__Supplied information__

========

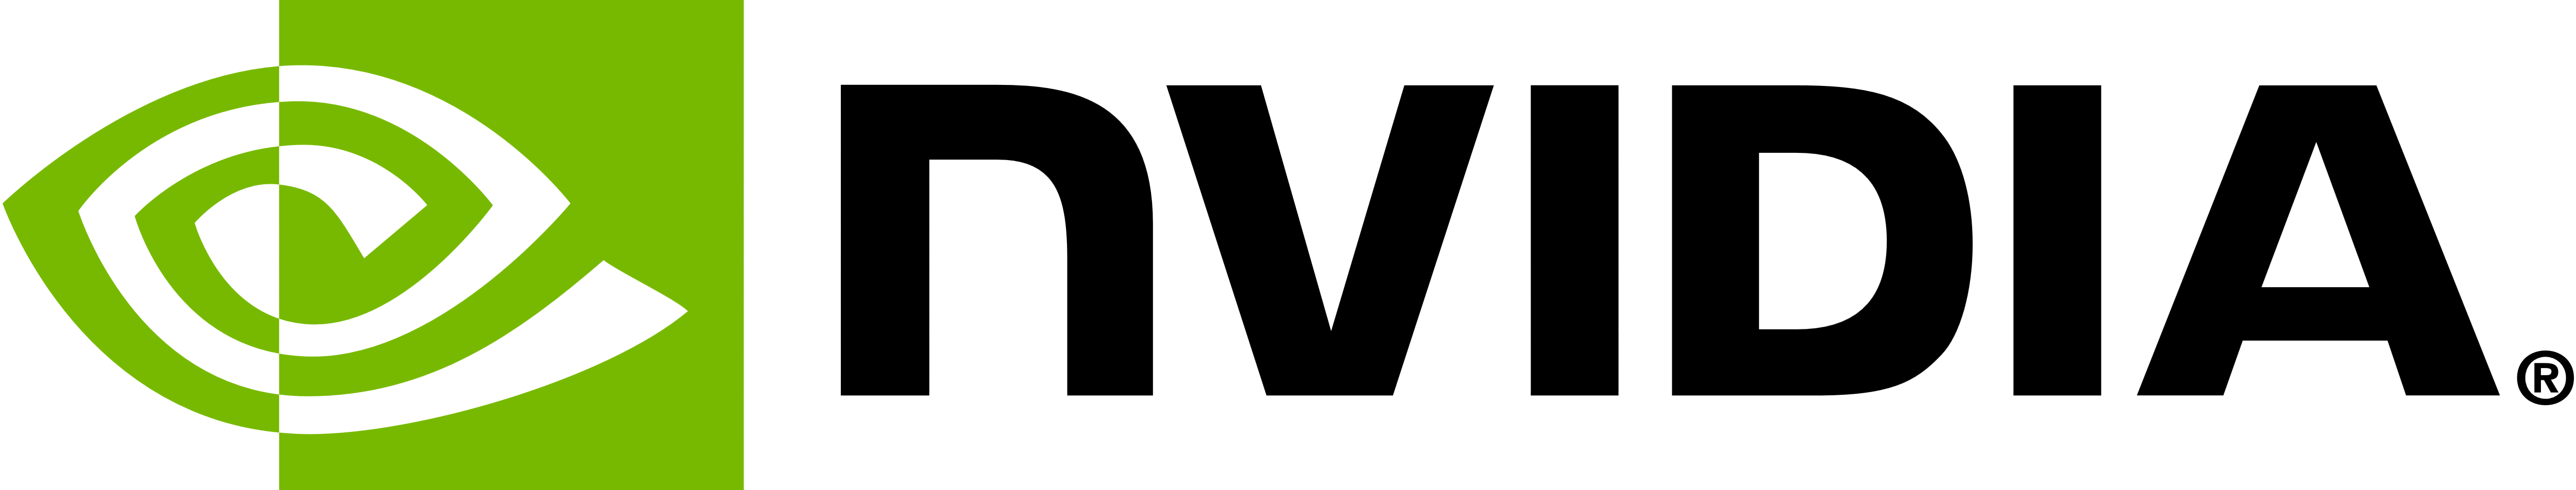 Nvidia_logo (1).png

========

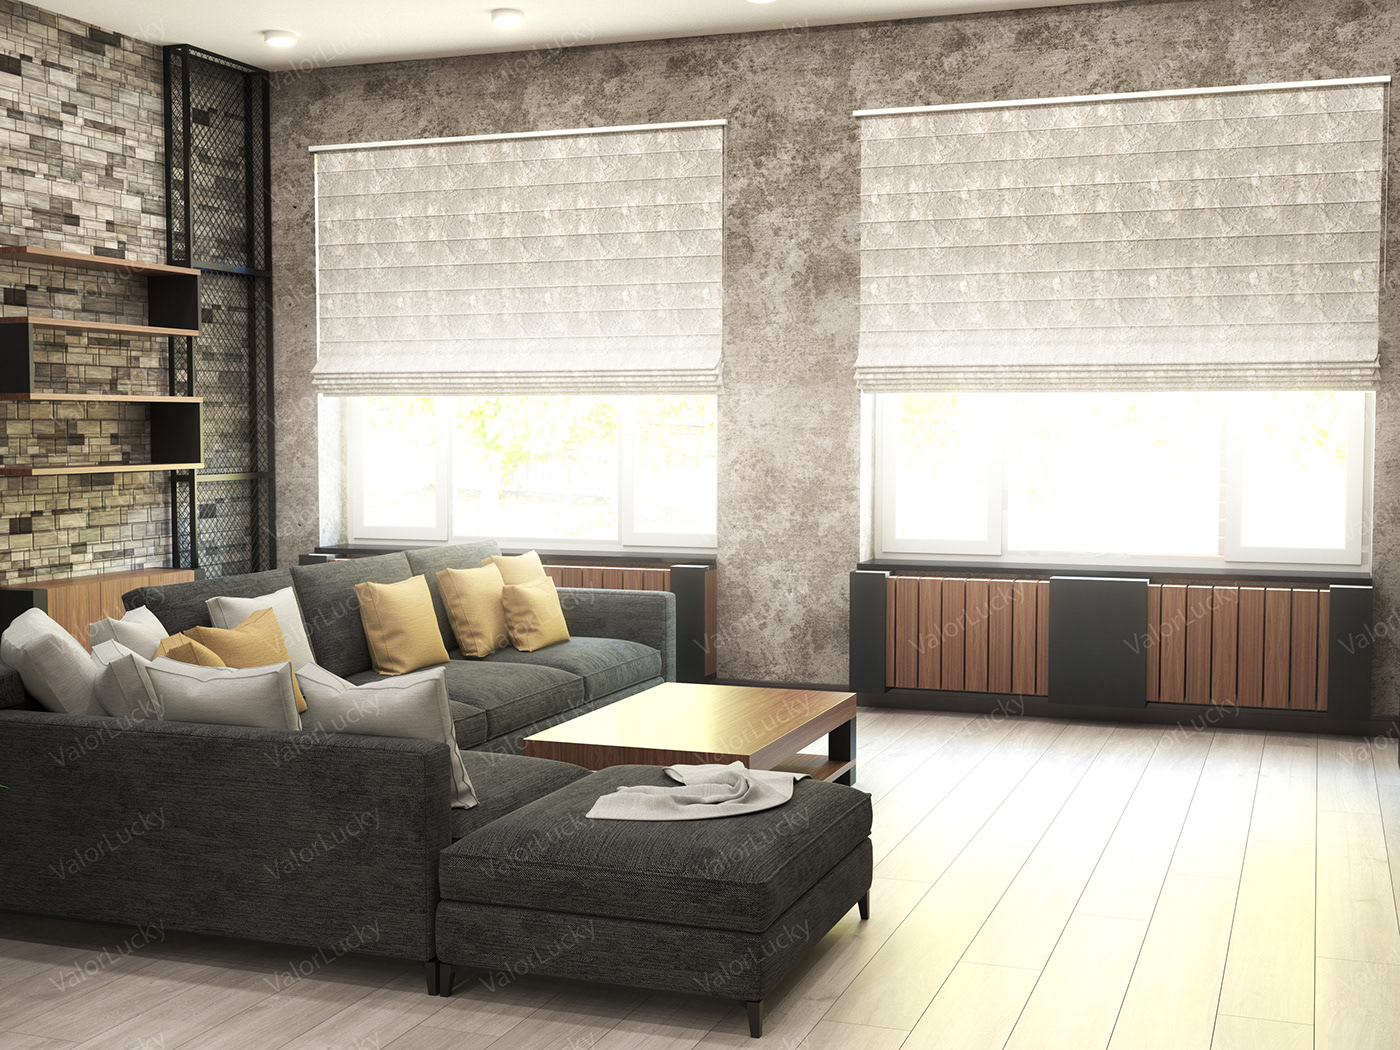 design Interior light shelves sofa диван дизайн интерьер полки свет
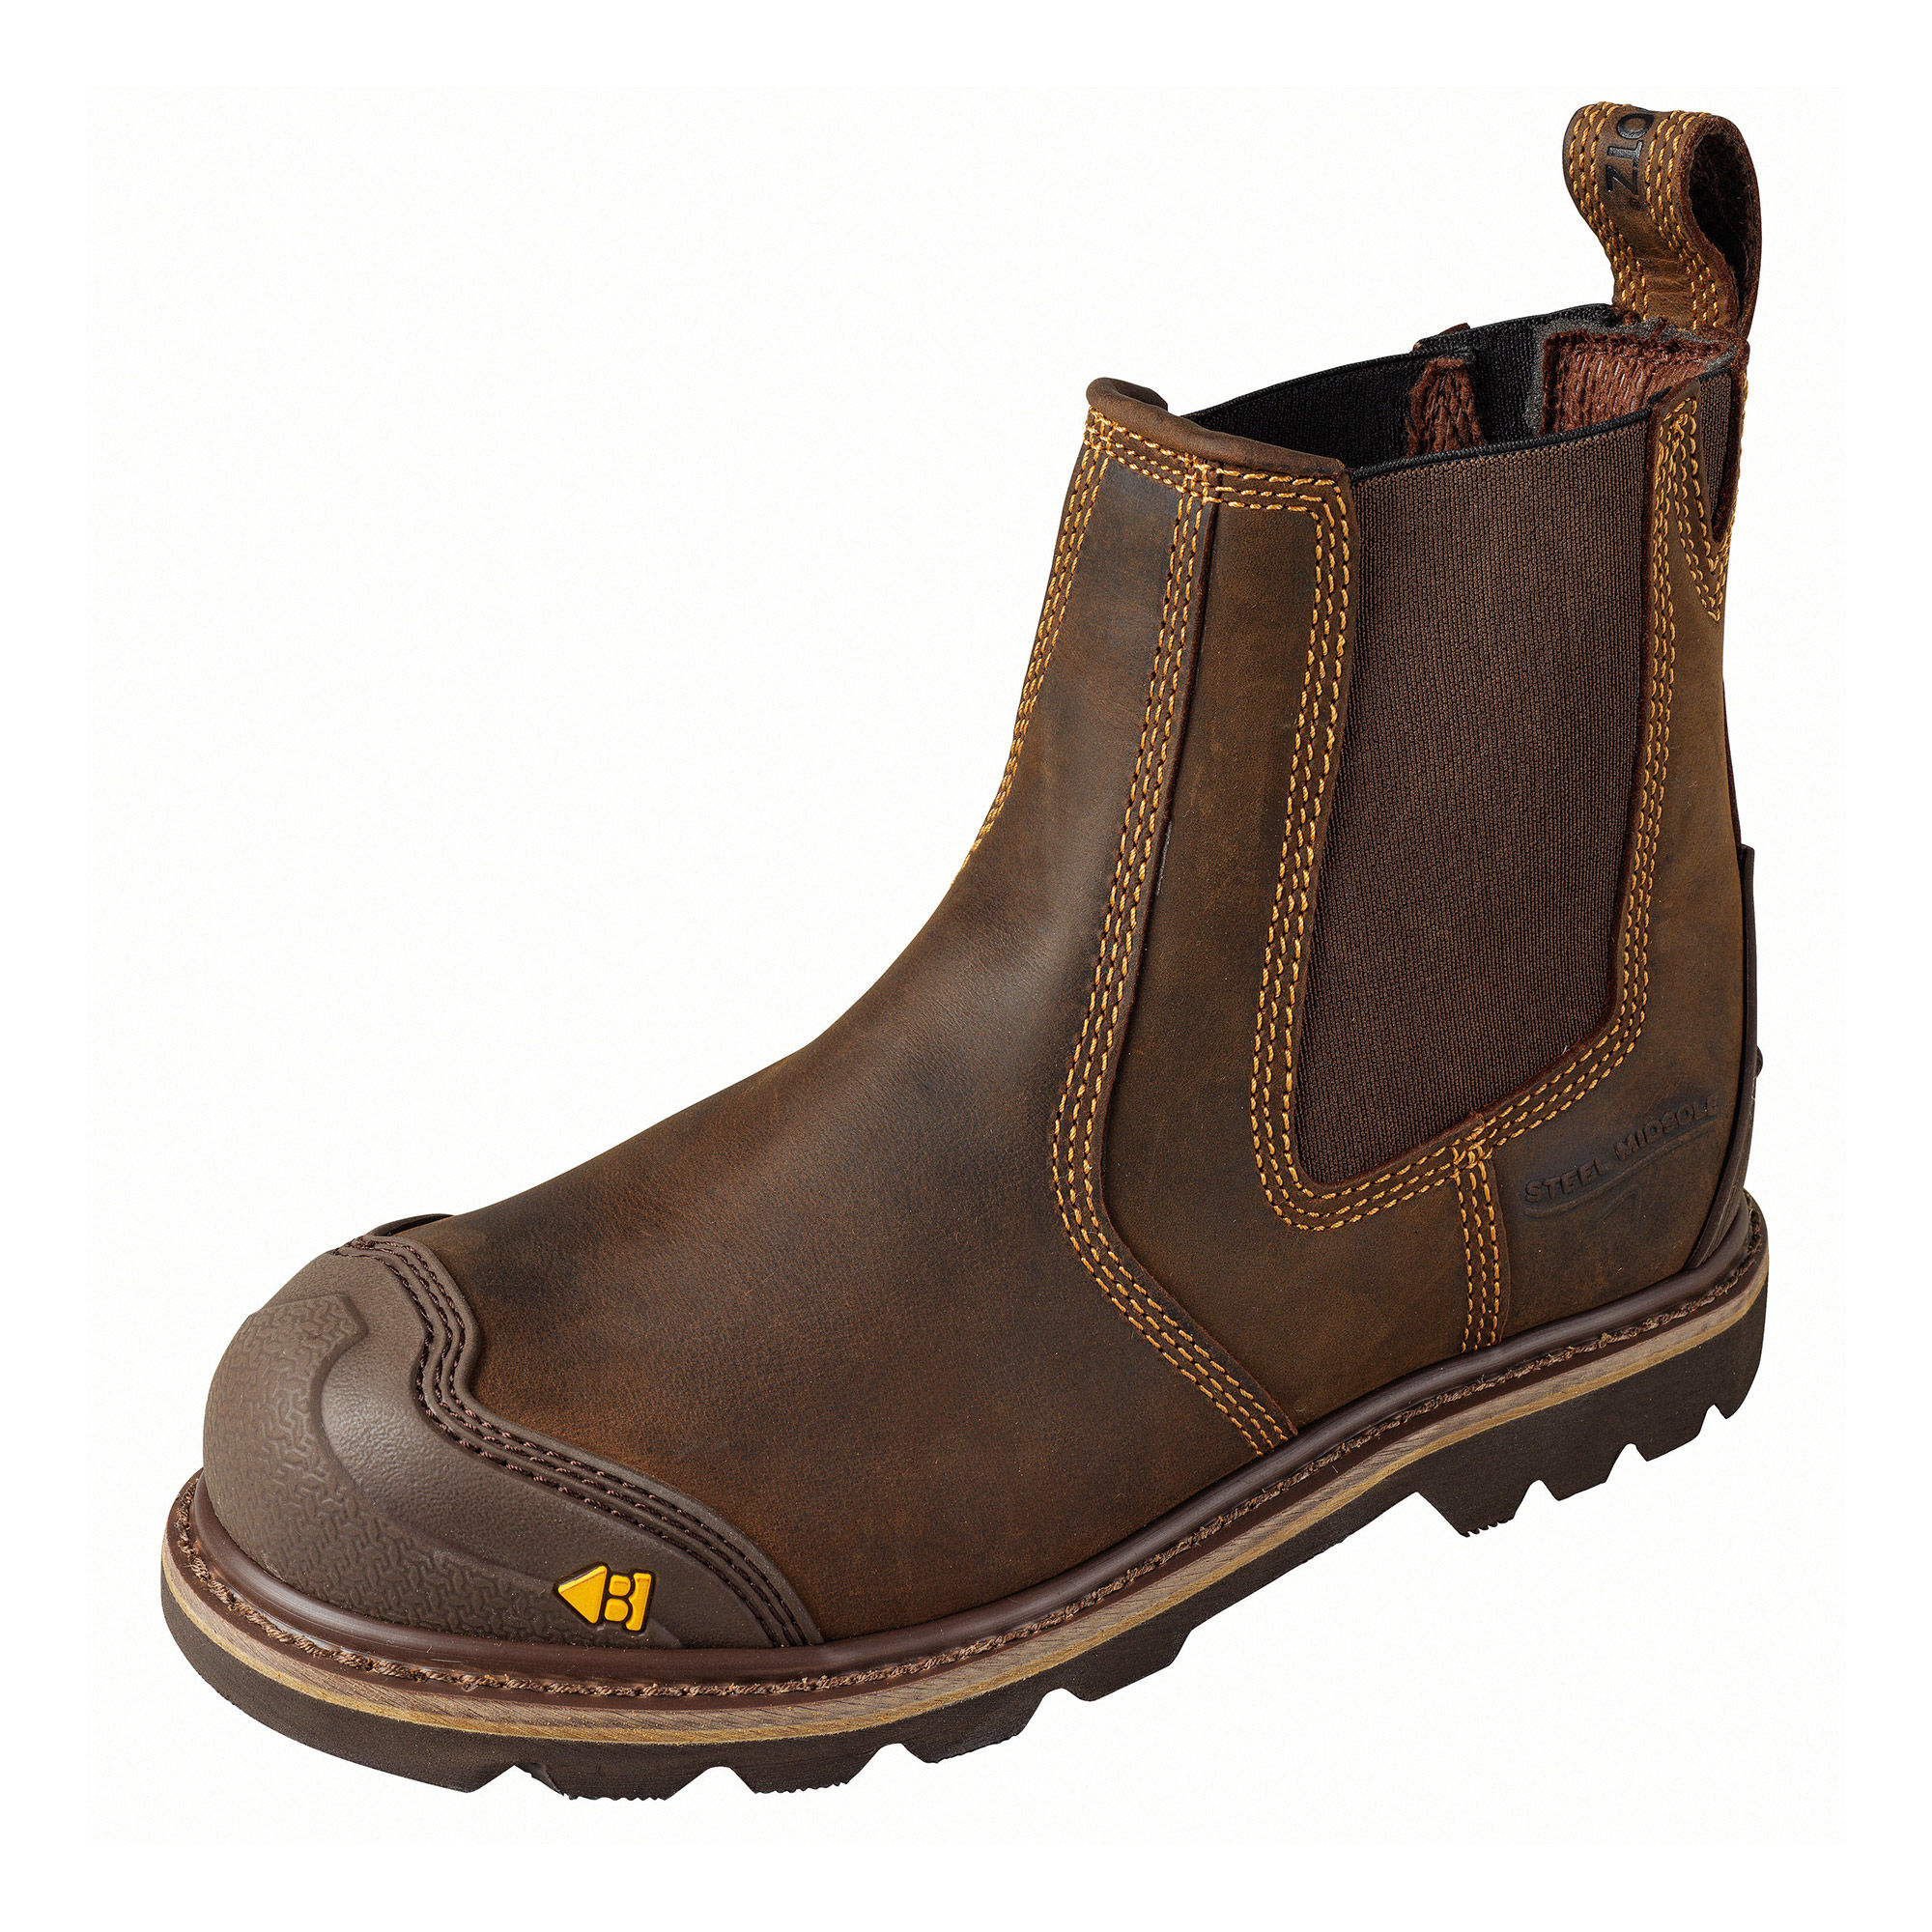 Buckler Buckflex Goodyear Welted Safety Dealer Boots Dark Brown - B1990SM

========

Copy word for word the span of the records above that begins at the line with "design Interior light" and ends at the line with "Buckler Buckflex Goodyear", including those two lines but not the pictures.

__Task solution__
 design Interior light shelves sofa диван дизайн интерьер полки свет
 Buckler Buckflex Goodyear Welted Safety Dealer Boots Dark Brown - B1990SM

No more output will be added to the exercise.